All of lore.kernel.org
 help / color / mirror / Atom feed
From: Jon Hunter <jon-hunter@ti.com>
To: john stultz <johnstul@us.ibm.com>
Cc: Ingo Molnar <mingo@elte.hu>, Thomas Gleixner <tglx@linutronix.de>,
	"linux-kernel@vger.kernel.org" <linux-kernel@vger.kernel.org>
Subject: Re: [RFC][PATCH] Dynamic Tick: Allow 32-bit machines to sleep    formorethan2.15 seconds
Date: Wed, 13 May 2009 10:14:43 -0500	[thread overview]
Message-ID: <4A0AE3E3.5090304@ti.com> (raw)
In-Reply-To: <1242172727.3462.55.camel@localhost>


john stultz wrote:
> Well, the mult adjustments should be quite small, especially compared to
> the NSEC_PER_SEC/HZ adjustment.
> 
> Hmm... Although, I guess we could get bitten if the max_deferment was
> like an hour, and the adjustment was enough that it scaled out to and we
> ended up being a second late or so. So you have a point.
> 
> But since the clockevent driver is not scaled, we probably can get away
> with using the orig_mult value instead of mult, and be ok.
> 
> Alternatively instead of NSEC_PER_SEC/HZ, we could always drop the
> larger of NSEC_PER_SEC/HZ or max_deferment/10? That way we should scale
> up without a problem. 

Yes, may be this would be a safer option. Thinking about this I was 
wondering if we should always use max_deferement/10, because I did not 
think that there would ever be a case where NSEC_PER_SEC/HZ would be 
greater. If NSEC_PER_SEC/HZ was greater than max_deferement/10 this 
would imply that the clocksource would wrap after only 10 jiffies, if I 
have the math right...

> I suspect it would be tough to hit this issue though.

Agree.

> Two patches should be fine.

Ok, I will re-post as two once we have the final version.
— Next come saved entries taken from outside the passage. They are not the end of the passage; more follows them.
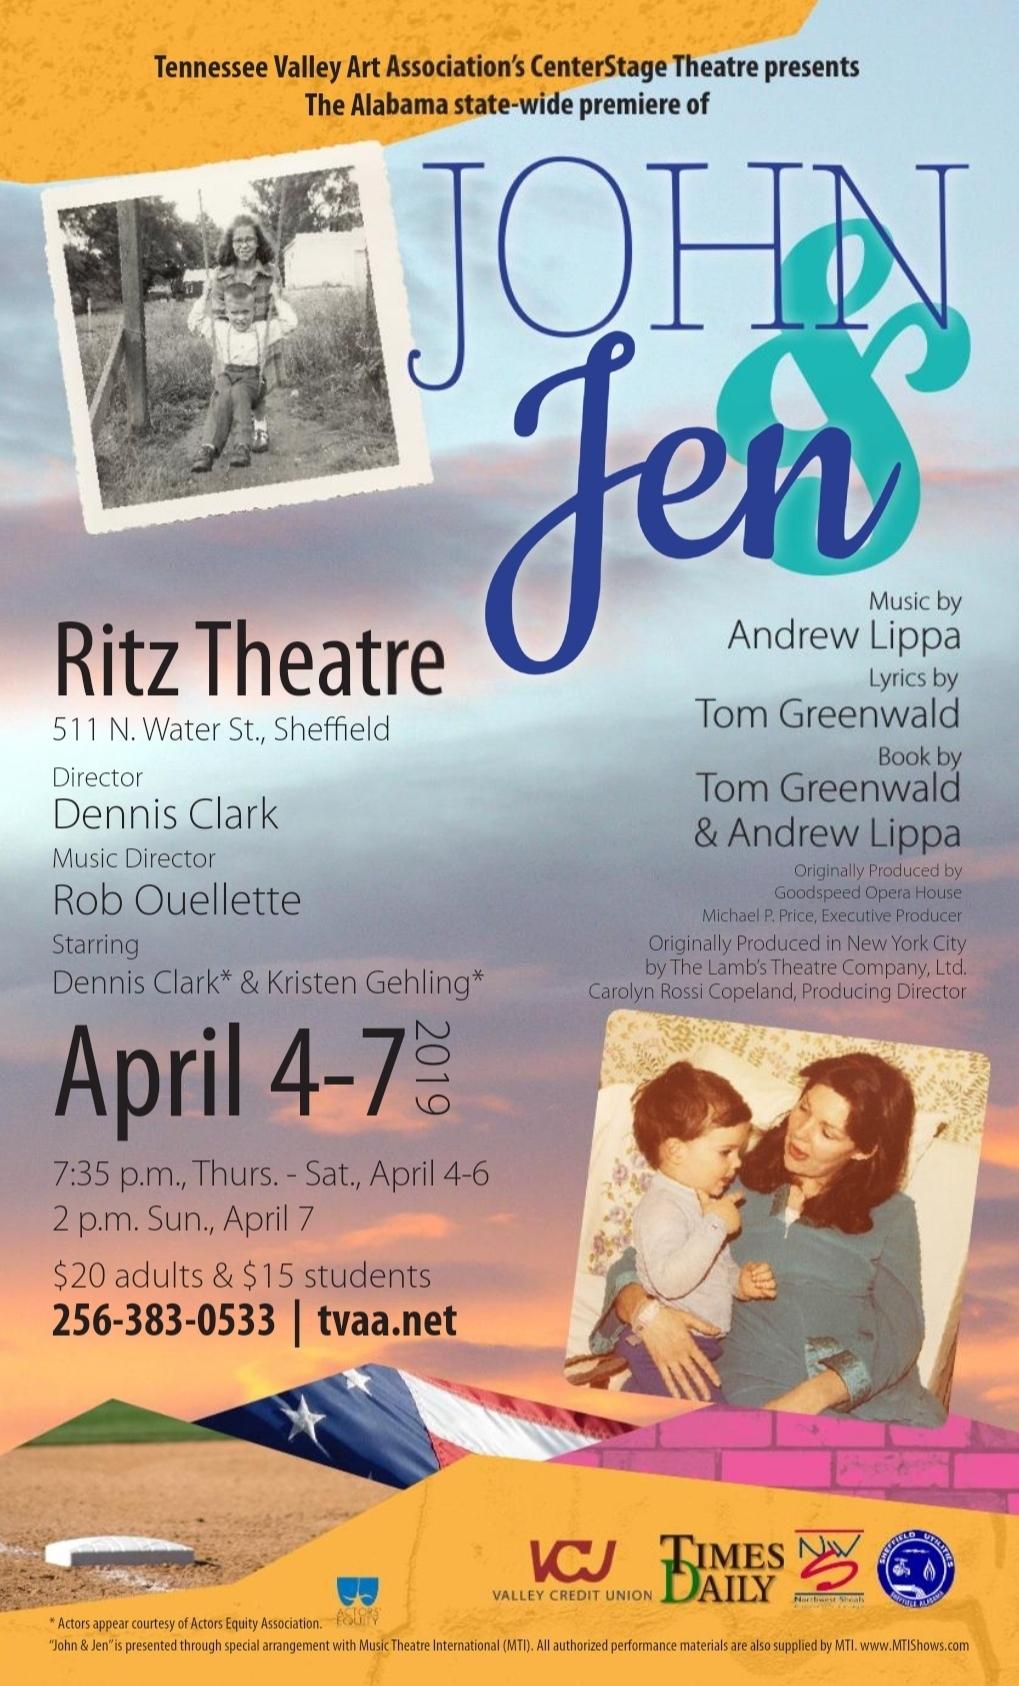 'John and Jen' Musical Opens Ritz Theatre 2019 Season Starring Dennis Clark and Kristen Gehling
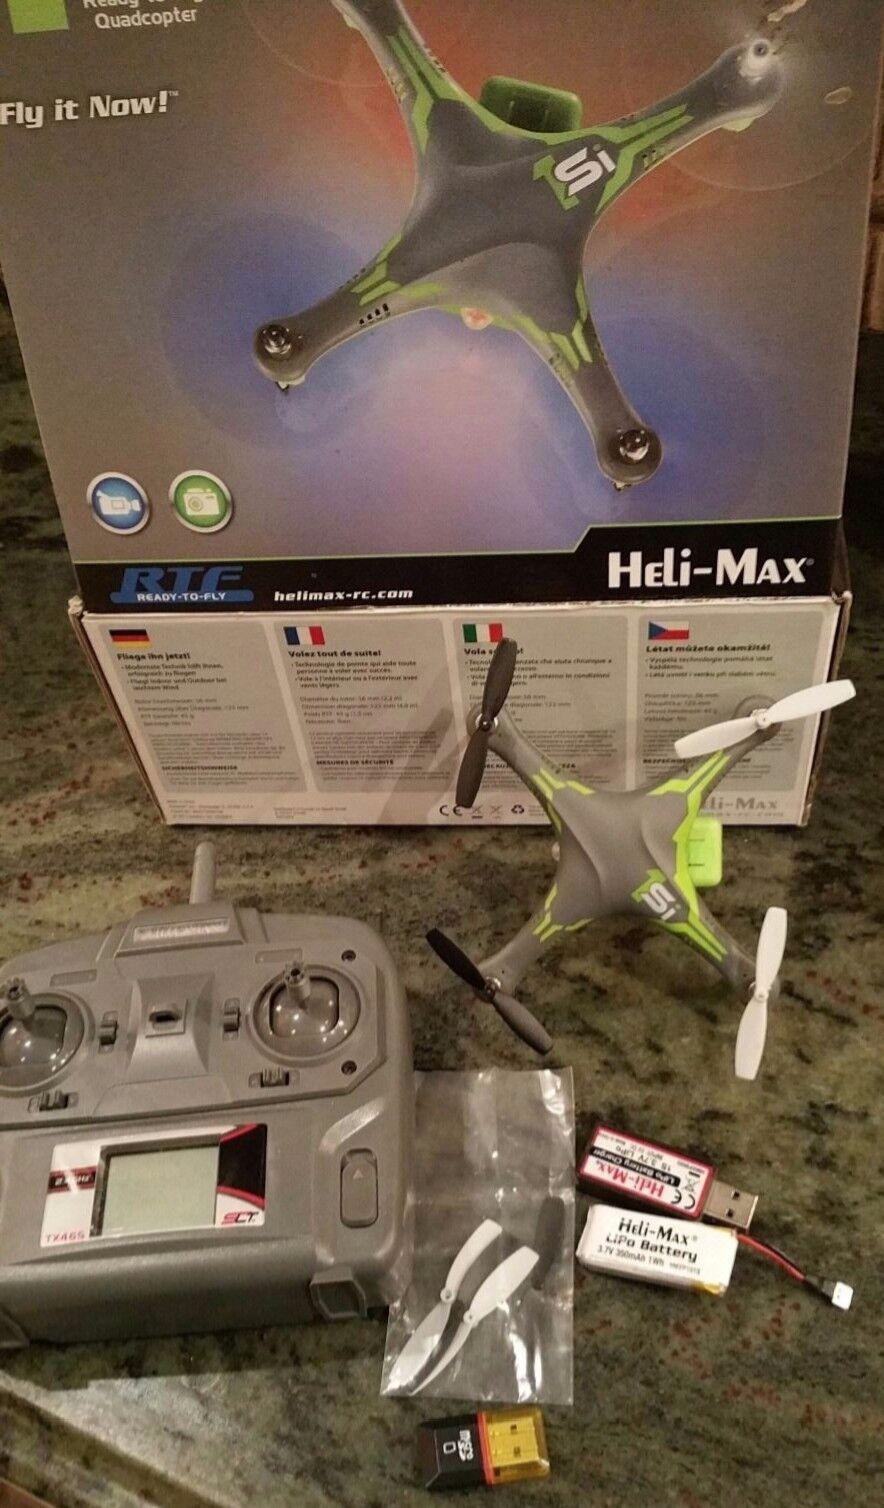 Heli-Max 1Si ReadyToFly Quadcopter, Drone, Video Camera + Auto Return HMXE0832
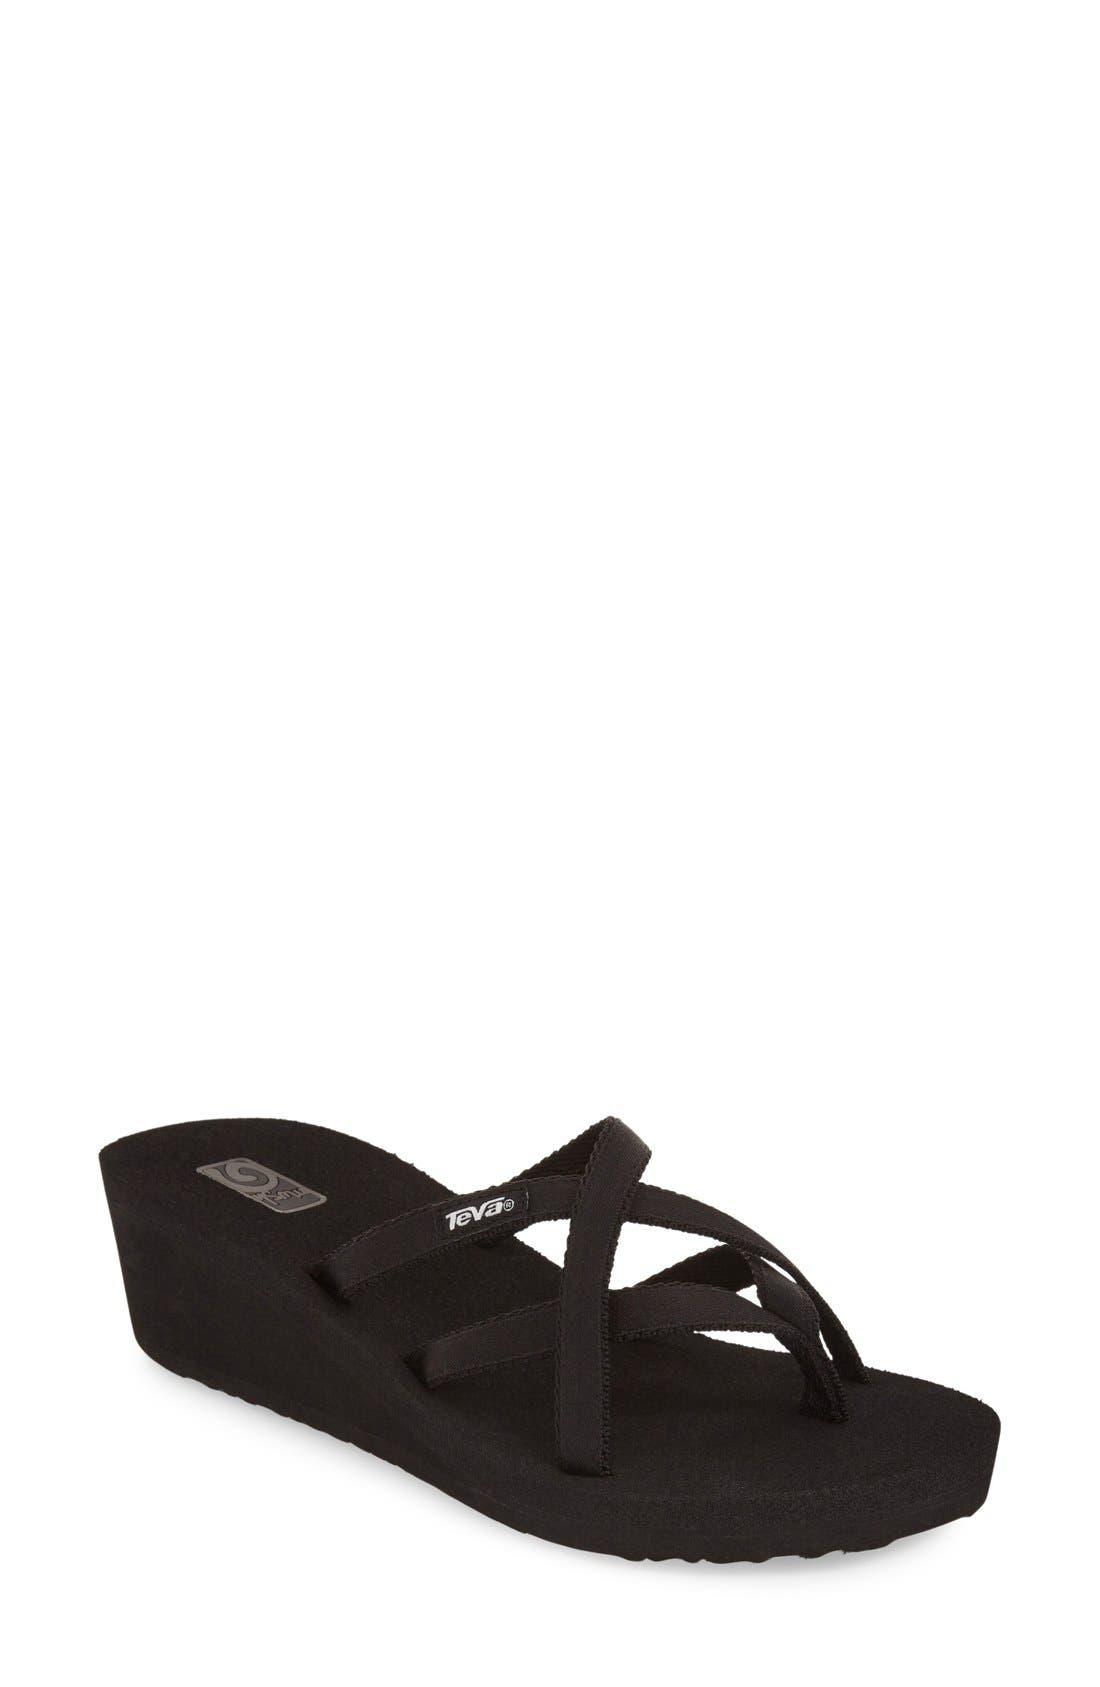 'Mandalyn' Wedge Sandal,                         Main,                         color, Black

> Looks good overall. We may want to add the -10% (or -5%) to be totally
> safe, but that's likely just me being paranoid.

I am paranoid too! Do you care if we use 6.25% or 12.5% margin instead 
of 10% or 5%? This way we can avoid a 64-bit division by using a simple 
shift. See below. I have implemented a 6.25% margin for now. Let me know 
your thoughts.

One final question, I noticed in clocksource.h that the definition of 
function cyc2ns returns a type of s64, however, in the function itself a 
variable of type u64 is used and returned. Should this function be 
modified as follows?

  static inline s64 cyc2ns(struct clocksource *cs, cycle_t cycles)
  {
-       u64 ret = (u64)cycles;
+       s64 ret = (s64)cycles;
         ret = (ret * cs->mult) >> cs->shift;
         return ret;
  }

Cheers
Jon


Signed-off-by: Jon Hunter <jon-hunter@ti.com>
---
  include/linux/time.h      |    1 +
  kernel/time/tick-sched.c  |   36 +++++++++++++++++++++++++-----------
  kernel/time/timekeeping.c |   28 ++++++++++++++++++++++++++++
  3 files changed, 54 insertions(+), 11 deletions(-)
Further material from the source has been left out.